2.16 grams of silver react with 3.20 grans of sulfur.Caculate the mass of silver sulfide produced
(mass of ag=108.8g/mole)
You made a typo; the atomic mass of Ag is 107.8(rounded). This is a limiting reagent (LR) problem and the way you know that is because amounts are given for BOTH reactants.
2Ag + S ==> Ag2S
mols Ag = 2.16/atomic mass Ag = ?
mols S = grams/atomic mass S = ?
Using the coefficients in the balanced equation, convert mols Ag to mols Ag2S.
Do the same and convert mols S to mols Ag2S.
It is likely that the two values for mols Ag2S will not be the same which means one is wrong.
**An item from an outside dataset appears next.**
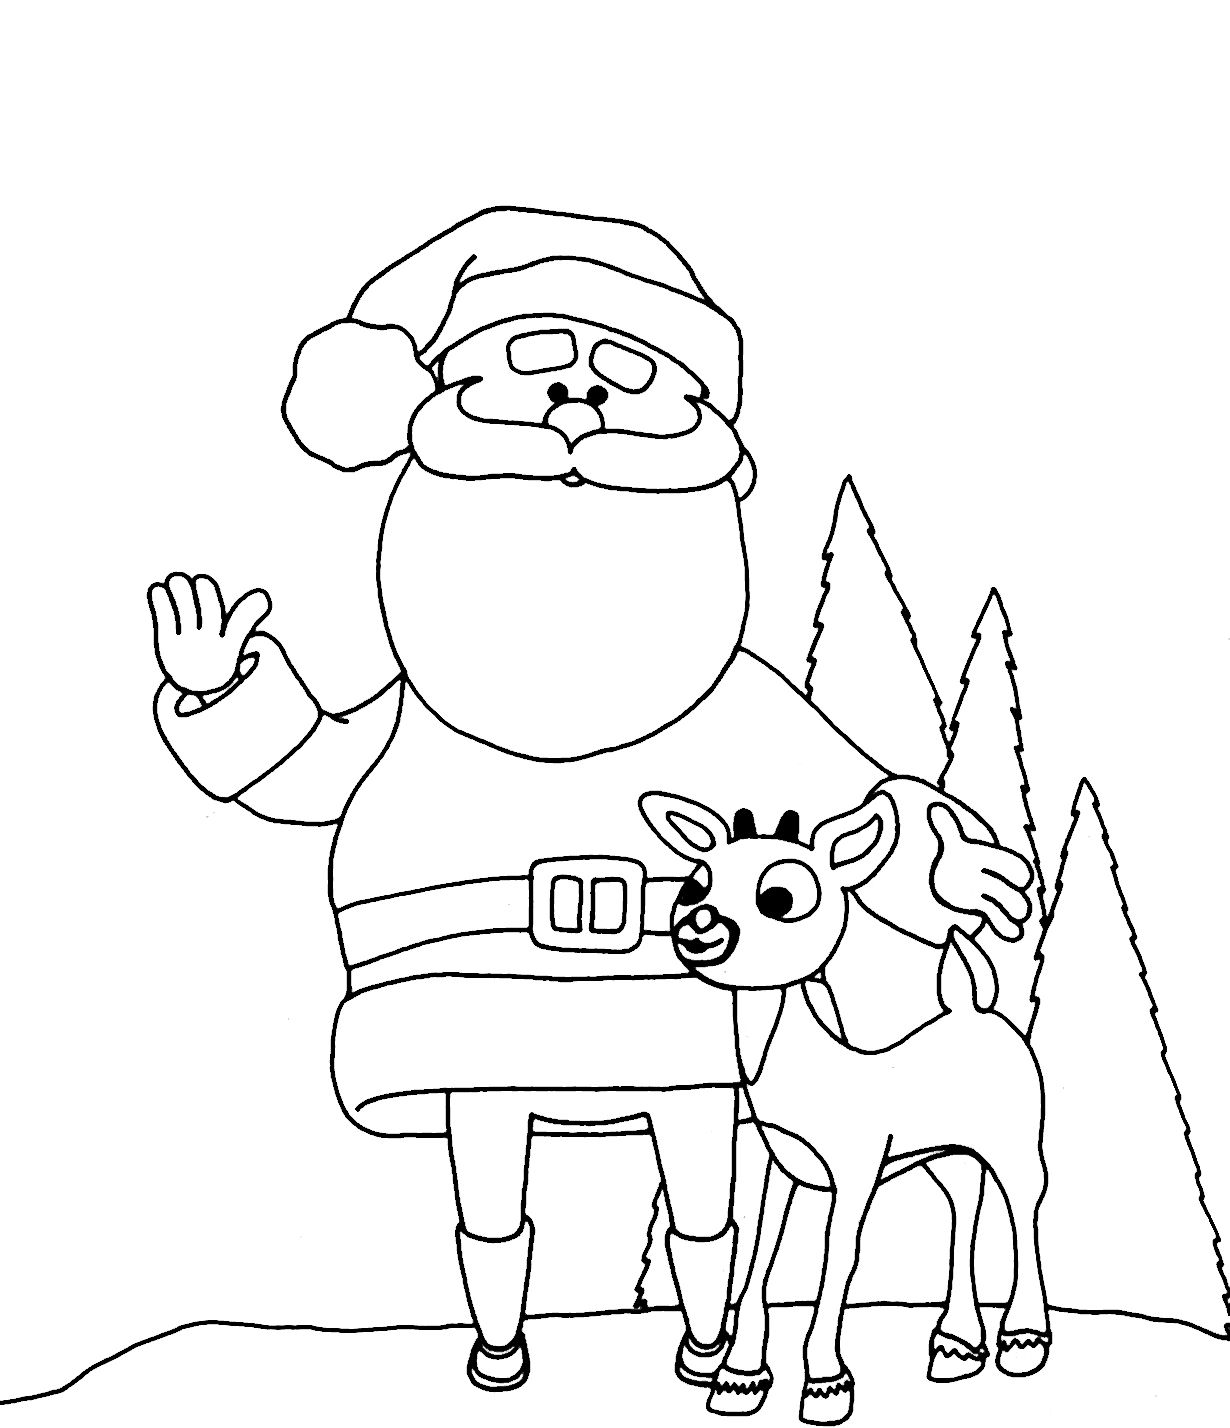 Free santa coloring pages and printables for kids

The correct value in LR problems is ALWAYS the smaller value and the reagent responsible for that lower values is called the LR.
Now take the smaller number and convert to grams Ag2S.
mols Ag2S x molar mass Ag2S = grams Ag2S.
To calculate the mass of silver sulfide produced, you need to determine the limiting reactant first. The limiting reactant is the reactant that is completely consumed and limits the amount of product that can be formed. To find the limiting reactant, you compare the number of moles of each reactant using their molar masses.
1. Calculate the number of moles of each reactant:
Number of moles of silver (Ag) = mass of Ag / molar mass of Ag
Number of moles of sulfur (S) = mass of S / molar mass of S
Given:
- Mass of Ag = 2.16 grams
- Molar mass of Ag = 108.8 g/mol
- Mass of S = 3.20 grams
- Molar mass of S = 32.06 g/mol
Number of moles of Ag = 2.16 g / 108.8 g/mol = 0.0199 mol
Number of moles of S = 3.20 g / 32.06 g/mol = 0.0999 mol
2. Determine the limiting reactant:
To find the limiting reactant, compare the moles of both reactants. The reactant with fewer moles is the limiting reactant.
In this case, silver (Ag) has fewer moles (0.0199 mol) compared to sulfur (S) (0.0999 mol). So, silver (Ag) is the limiting reactant.
3. Calculate the moles of product (silver sulfide, Ag2S):
The balanced chemical equation for the reaction between silver and sulfur is:
2Ag + S → Ag2S
From the balanced equation, we can see that 2 moles of Ag react with 1 mole of S to form 1 mole of Ag2S.
Since silver (Ag) is the limiting reactant, the moles of Ag2S formed will be equal to half the moles of Ag.
Moles of Ag2S = (0.0199 mol Ag) / 2 = 0.00995 mol
4. Calculate the mass of Ag2S produced:
Mass of Ag2S = moles of Ag2S x molar mass of Ag2S
Given:
- Molar mass of Ag2S = 247.8 g/mol
Mass of Ag2S = 0.00995 mol x 247.8 g/mol ≈ 2.46 grams
Therefore, the mass of silver sulfide (Ag2S) produced is approximately 2.46 grams.